What you have to do
Word for word, the data below must be repeated in full; no picture is to be included.

Data block
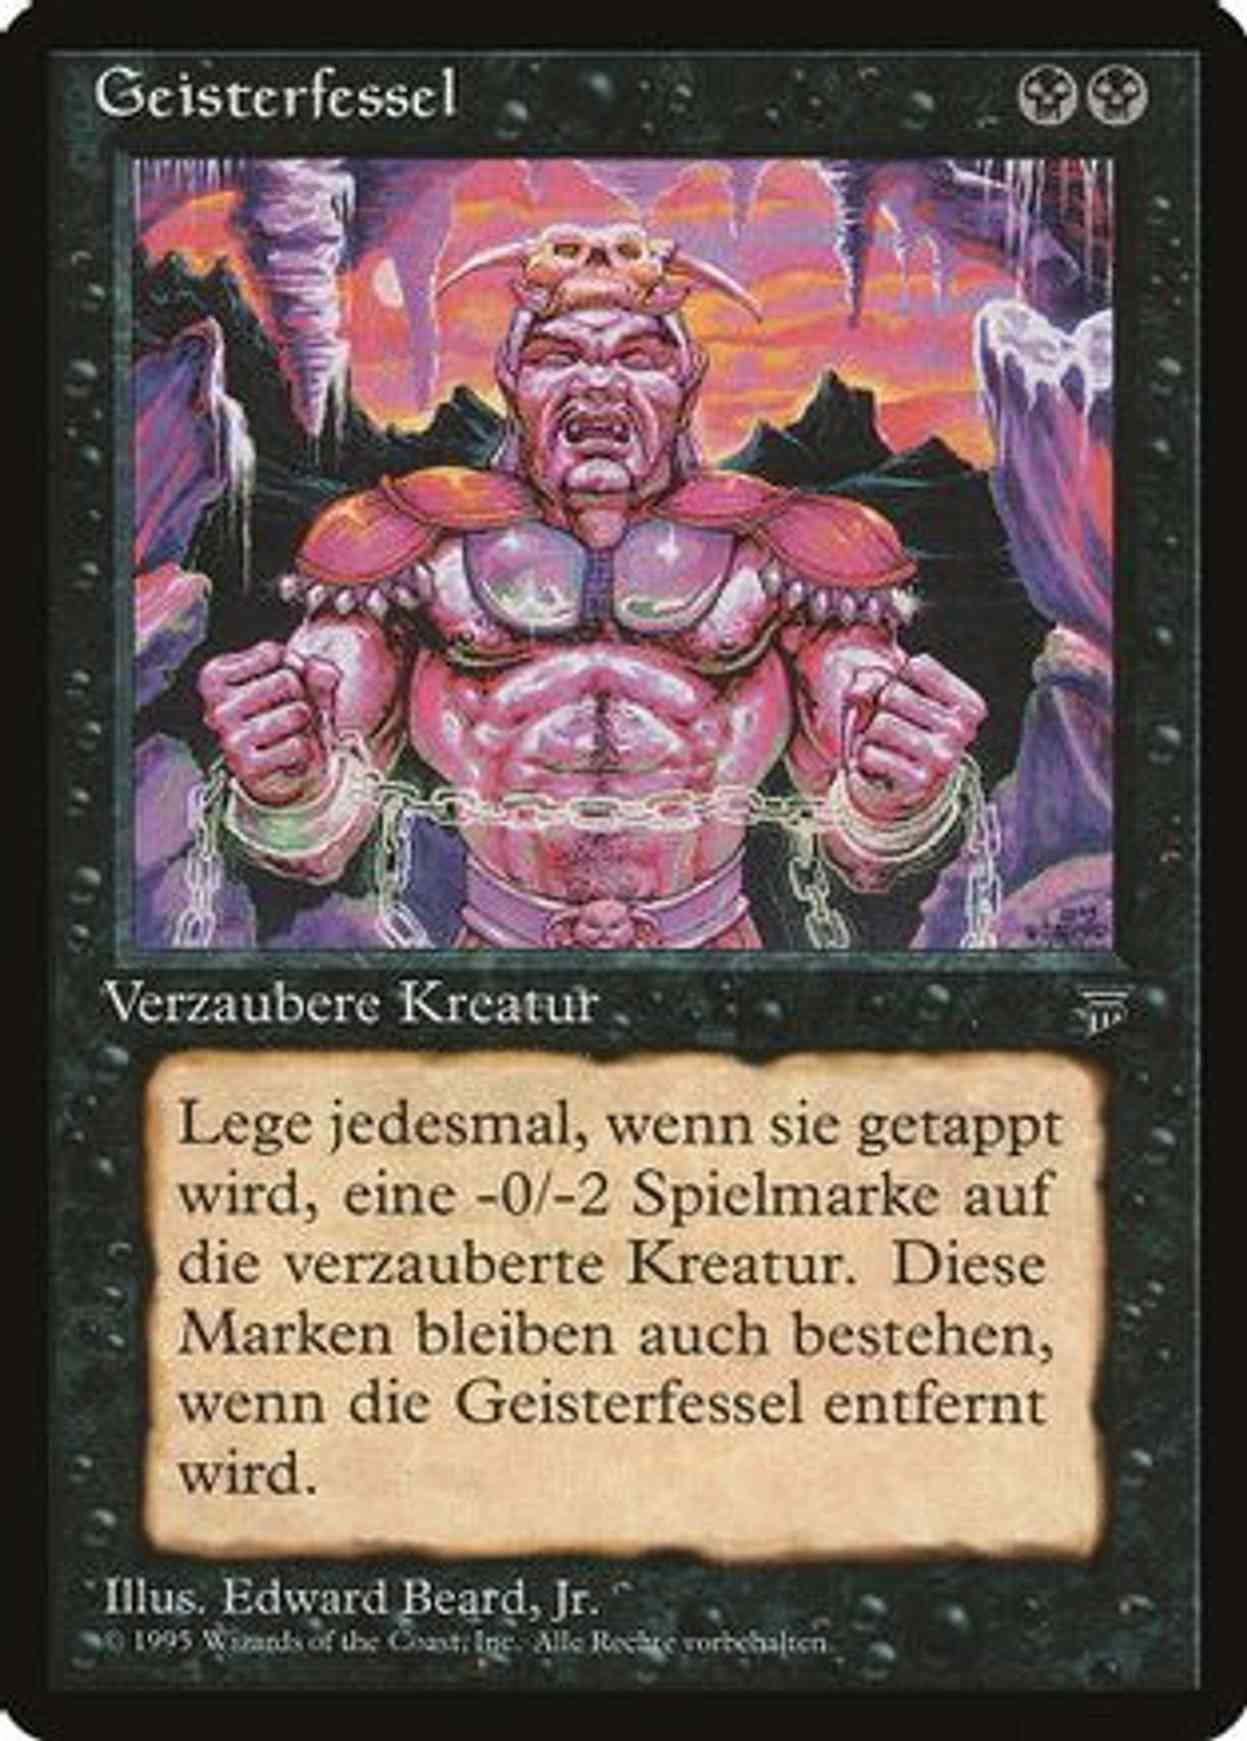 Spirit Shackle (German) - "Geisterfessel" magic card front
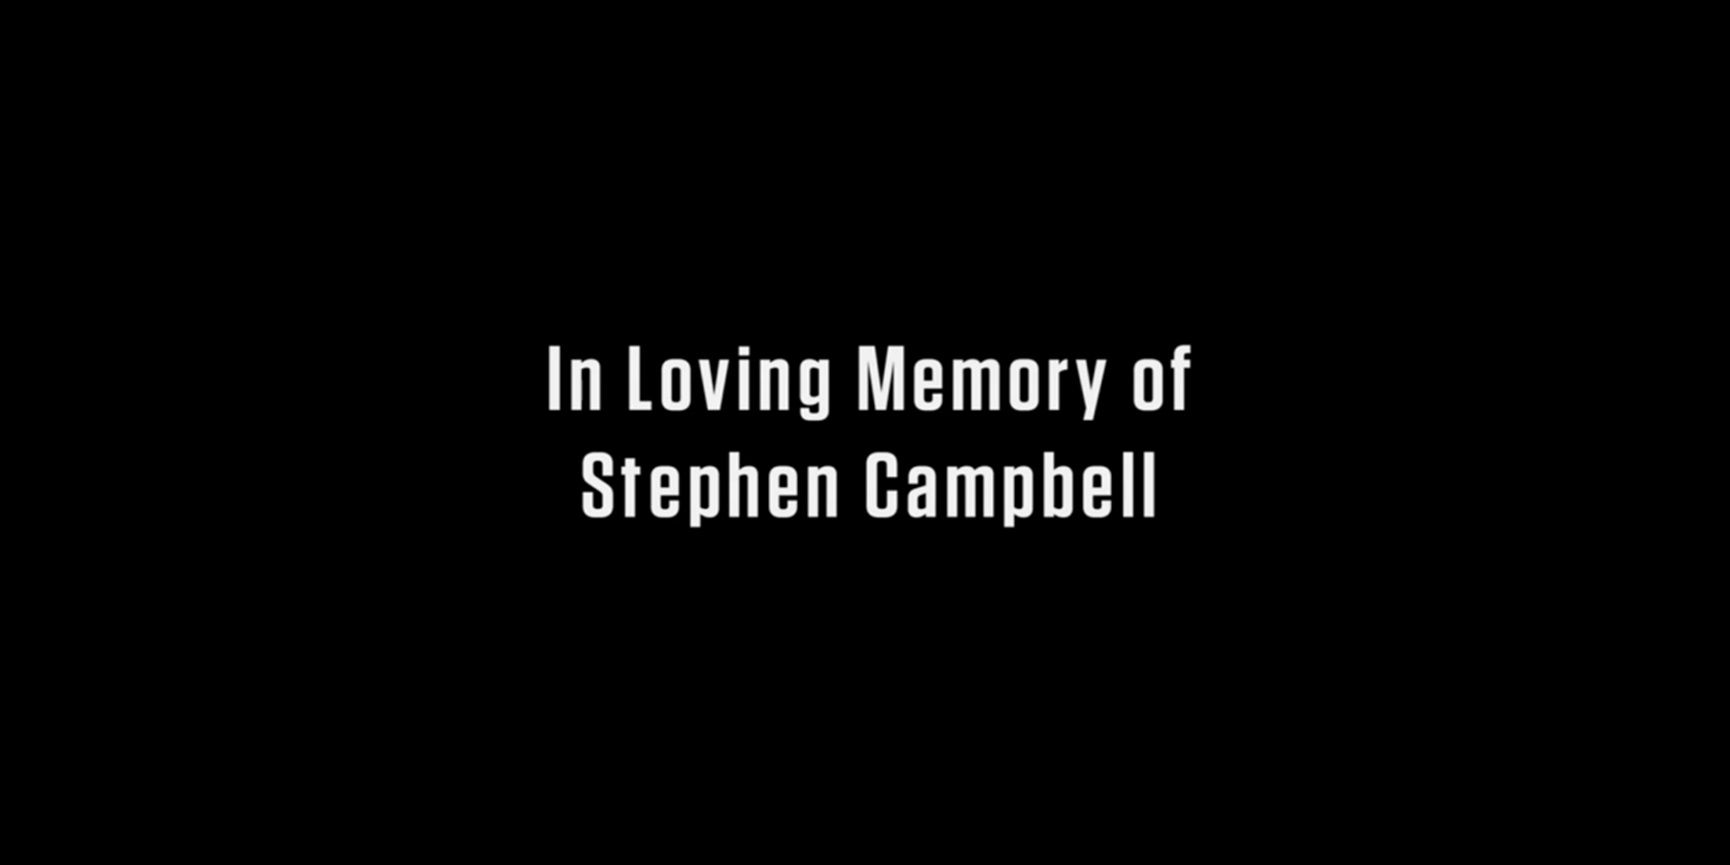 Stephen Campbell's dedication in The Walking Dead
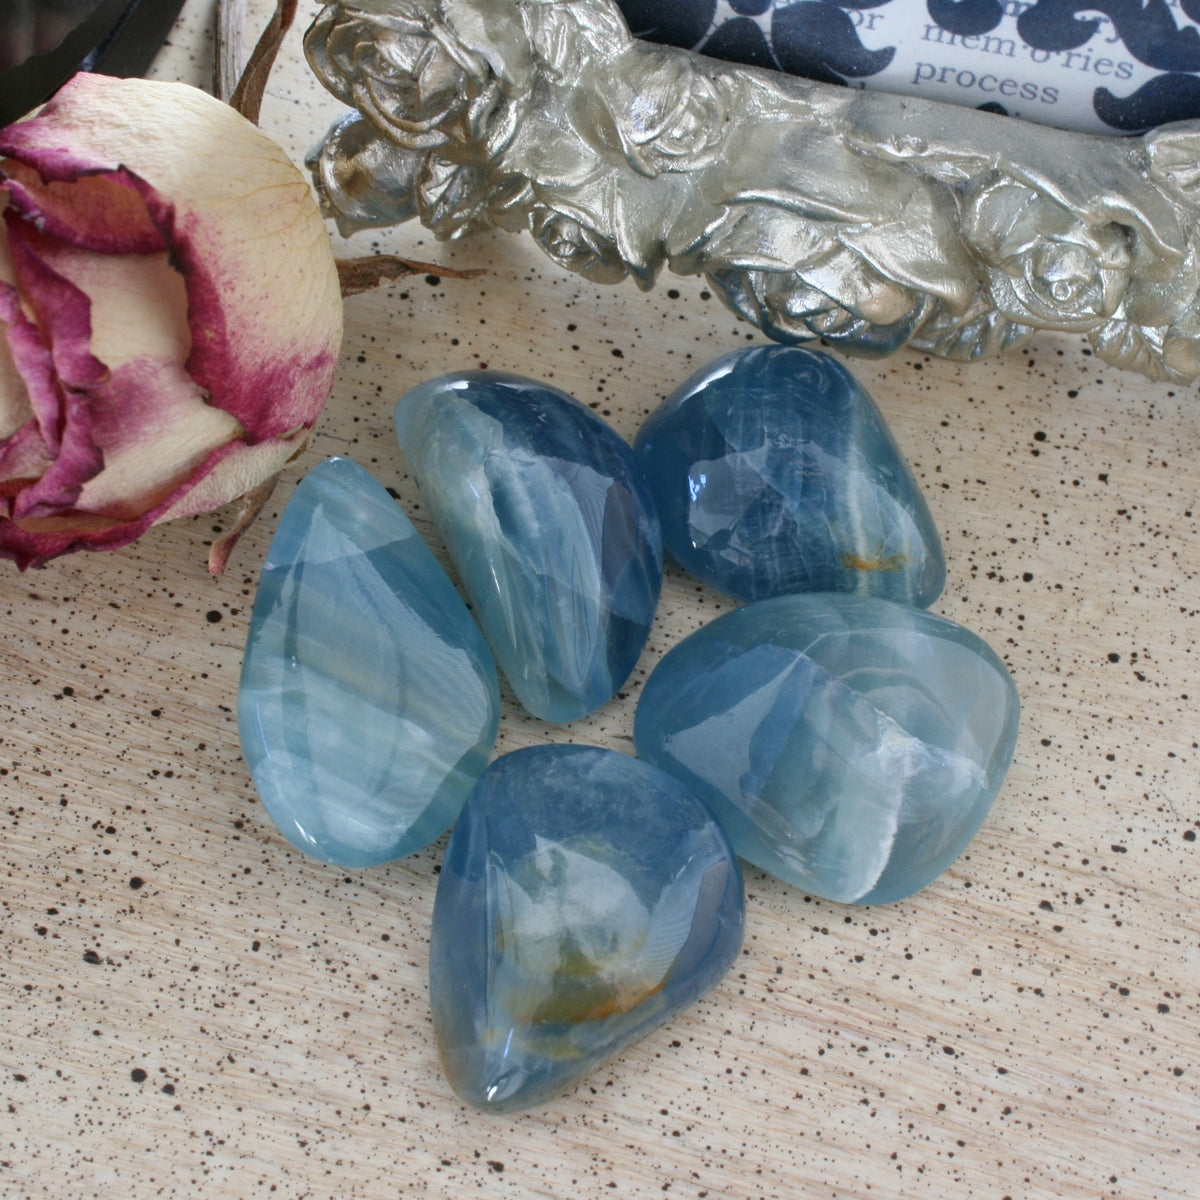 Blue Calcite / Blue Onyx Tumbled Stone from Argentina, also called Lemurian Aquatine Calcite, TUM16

Exercise output
 Spirit Shackle (German) - "Geisterfessel" magic card front
 Stephen Campbell's dedication in The Walking Dead
 Blue Calcite / Blue Onyx Tumbled Stone from Argentina, also called Lemurian Aquatine Calcite, TUM16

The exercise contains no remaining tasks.